Выбрать главу

После первых же докладов я вместе с признаками нарочитого завоевания симпатий ведомства отметил у Половцова эту полную замкнутость в вопросах общего направления нашей внешней политики, так отличавшуюся от сазоновской искренности и лояльности. При Н.Н. Покровском с его антантофильскими настроениями в начале его министерства Половцов держал себя иначе, на Парижской конференции он выступил после неудачного начала уже открытым противником Германии, а в первые минуты Временного правительства пытался найти общий язык и с последним. Но при Штюрмере я не помню, несмотря на то что мне не раз приходилось касаться щекотливых вопросов, чтобы Половцов хотя бы раз проявил своё германофобство. Он не прерывал моего изложения, но никогда не высказывал и согласия с моими неизбежными по ходу дела теми или иными положениями, требовавшими проявления нашей солидарности с союзниками или же непримиримости в отношении Австрии и Германии.

При Покровском на подобных же докладах он уже держал себя совершенно иначе, высказывая сам взгляды убеждённого сторонника лояльного продолжения войны. Мои впечатления о перемене в Половцове при Покровском совершенно совпадали с впечатлениями всех тех, кому приходилось сталкиваться с Половцовым, и это флюгерство его не раз служило поводом для нашей общей тревоги за будущее нашего ведомства и всей русской внешней политики, если бы действительно обстоятельства сложились так, что Половцов заменил бы Нератова. Но, к счастью для России, этого не случилось.

Мне уже приходилось упоминать, что одной из обязанностей Арцимовича как товарища министра было участие в так наз. Малом совете министров, исполнявшем прежние обязанности Комитета министров, где в конституционную эпоху России заседали товарищи министров. Вместо Нератова, перегруженного чисто политической работой, ввиду малого значения для нашего ведомства дел, слушавшихся в этом Малом совете министров (дела главным образом финансово-экономического характера, утверждение и изменение уставов акционерных обществ и т.п.), от нашего ведомства присутствовал Арцимович. Тот занимался этим довольно добросовестно, но не с какой-либо практической целью, а потому, что это были те немногие функции общеправительственного характера, которые на него падали, и он был рад случаю поблистать в высшем петроградском бюрократическом свете (то что называлось «сферами»).

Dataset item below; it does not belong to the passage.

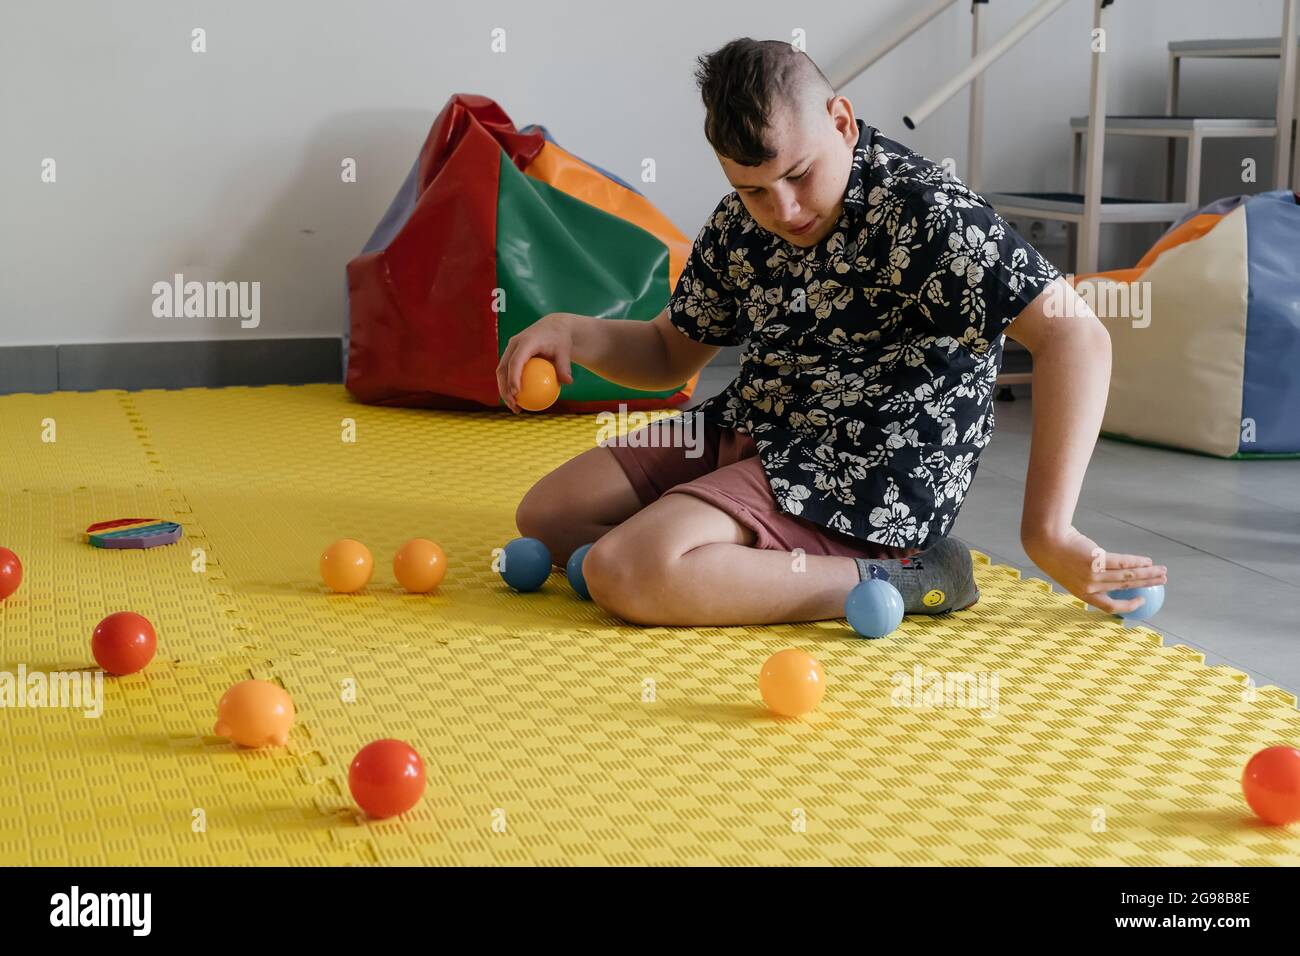 Les enfants ayant un handicap se font une activité sensorielle avec des  jouets, des balles, des petits objets, un garçon souffrant de paralysie  cérébrale jouant à un jeu apaisant, s'entraîner à de

При Половцове на первом же моём докладе ему он не только чрезвычайно внимательно слушал и задавал вопросы, касавшиеся данного заседания, но и искусственно углублял мой доклад вопросами, имевшими по существу мало связи с предстоявшим Малым советом. Ясно было, что Половцов желает получить информацию по вопросам, имевшим тогда злободневное политическое значение. Для первых докладов это было бы простительно, принимая во внимание, что Половцов служил у нас в ведомстве больше 15 лет назад и на весьма скромных постах — в его «осведомлении» не было ничего подозрительного для начала его деятельности. Но когда с течением времени Половцов вместо однократного моего доклада по Малому совету министров стал от меня требовать доклада несколько раз по одной и той же ведомости по мере поступления в нашу Юрисконсультскую часть дел (заседания Малого совета происходили два раза в месяц, и канцелярия Совета министров присылала нам дела к этим заседаниям не сразу, а пачками, четыре-пять раз), то стремление Половцова войти в полный круг всех тех обязанностей, которые исполнял не Арцимович, а Нератов, бросалось мне в глаза.

В частности, тот разговор касательно мира и подготовки Юрисконсультской части для его заключения, о чём говорил со мной Штюрмер, разговор, который Нератов по наведении справок признал «висящей в воздухе интригой» и которому он решительно не хотел давать ходу, прося меня никаких шагов не предпринимать, так как они могли бы дать пищу для нежелательных толков, Половцов возобновил в гораздо более тонкой форме, чем начал его Штюрмер. Он не спрашивал меня, во сколько времени можно заключить мир и как его заключать, но подробно расспрашивал, какие в нашей части ведутся дела, имеющие отношение «к будущему мирному трактату». В ответ на этот вопрос я перечислил все дела, относившиеся к войне, а таковых было огромное количество, которые неизбежно должны были так или иначе быть отражены в мирном договоре.